All questions carry equal marks.
5 × 14 = 70M
UNIT-I
1. a) Consider the following set of points: {(-2, -2), (1, 1), (3, 3),(5,5),(-5,-5)}. Find the least
square regression line for the given data points. (8M)
b) How can you Assess Model Accuracy? (6M)
(OR)
2. a) Differentiate supervised and unsupervised learning. (8M)
b) Differentiate between linear regression , classification and non-linear regression. (6M)
UNIT-II
3. a) How can overcome Overfitting and underfitting of data? (7M)
b) What Is the Naive Bayes Classifier, If the weather is sunny, then the Player should play or
not for the following data? (7M)
Outlook Play
0 Rainy Yes
1 Sunny Yes
2 Overcast Yes
3 Overcast Yes
4 Sunny No
5 Rainy Yes
6 Sunny Yes
7 Overcast Yes
8 Rainy No
9 Sunny No
10 Sunny Yes
11 Rainy No
12 Overcast Yes
13 Overcast Yes
(OR)
Page 1 of 2
4. a) Explain why KNN is called as lazy learner. (7M)

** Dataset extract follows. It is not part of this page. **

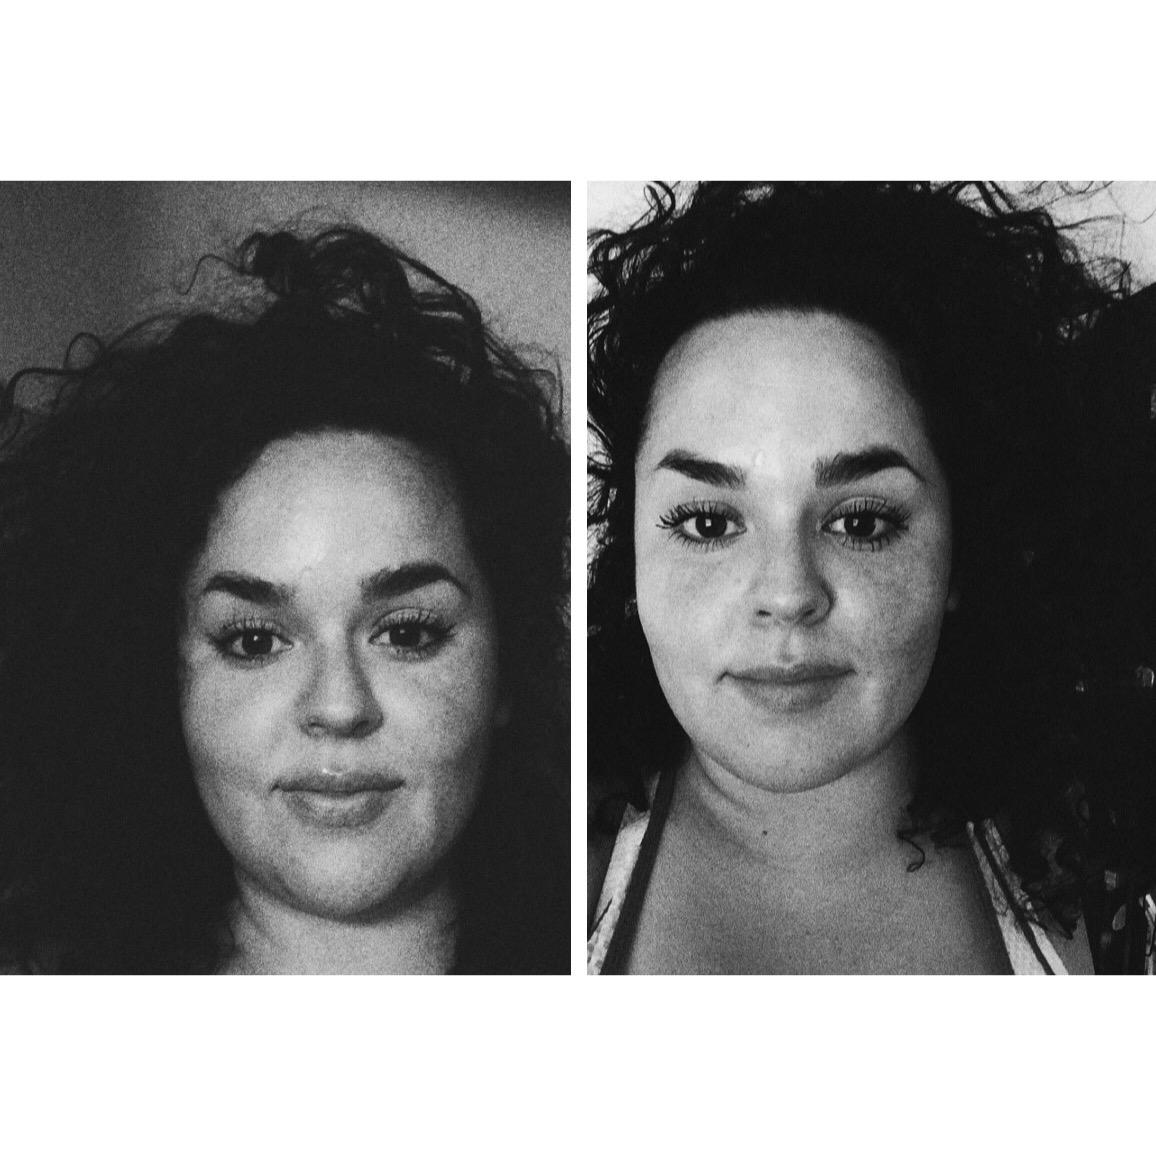 Night + Day #selfies The same,but hair-flip!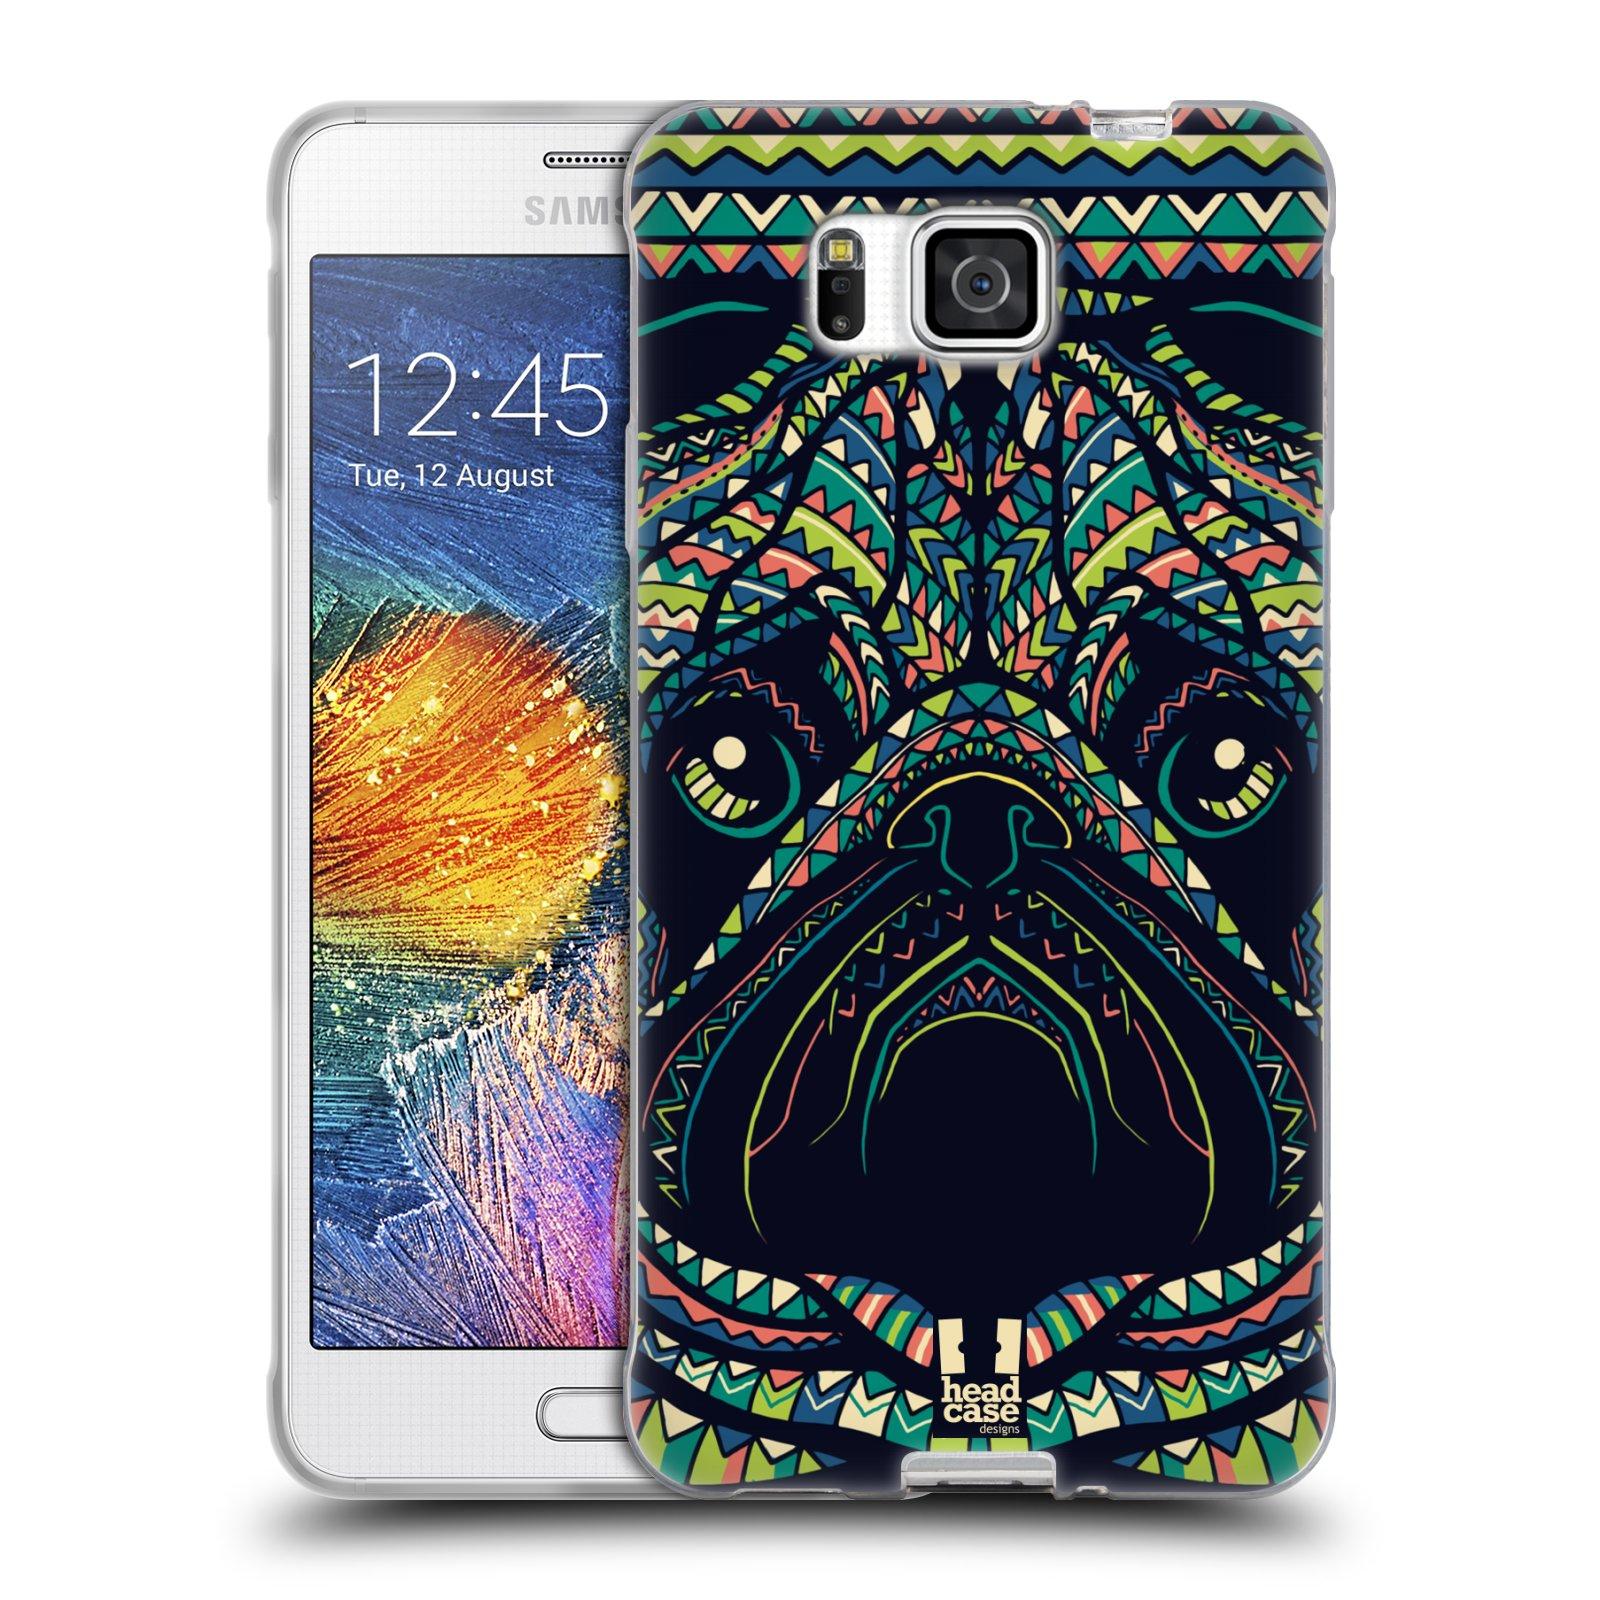 HEAD CASE silikonový obal na mobil Samsung Galaxy ALPHA vzor Aztécký motiv zvíře 3 mopsík

b) Explain the following terms with Respect to Confusion Matrix. (7M)
(i) Accuracy (ii) Precision (iii) Recall (iv) F1-score
UNIT-III
5. a) How to plot frequency polygon? Explain with an example. (7M)
b) Discuss about the Wilcoxon u-test
(i) two-sample u-test (ii) one -sample u-test (7M)
(OR)
6. a) How to plot box-plot? Explain with an example. (7M)
b) Discuss about covariance and paired t-test and u-test. (7M)
UNIT-IV
7. a) Explain about data Acquisition and cleaning and with example. (7M)
b) Explain about dimensionality reduction. (7M)
(OR)
8. Explain about data wrangling and data imputation. (14M)
UNIT-V
9. a) Outline programming for eigen values and eigen vectors. (7M)
b) Discuss various ways of r data de-duplication and data summarization. (7M)
(OR)
10. a) Explain about SVD decomposition. (7M)
b) Differentiate between data mining and OLAP. (7M)
*****
Page 2 of 2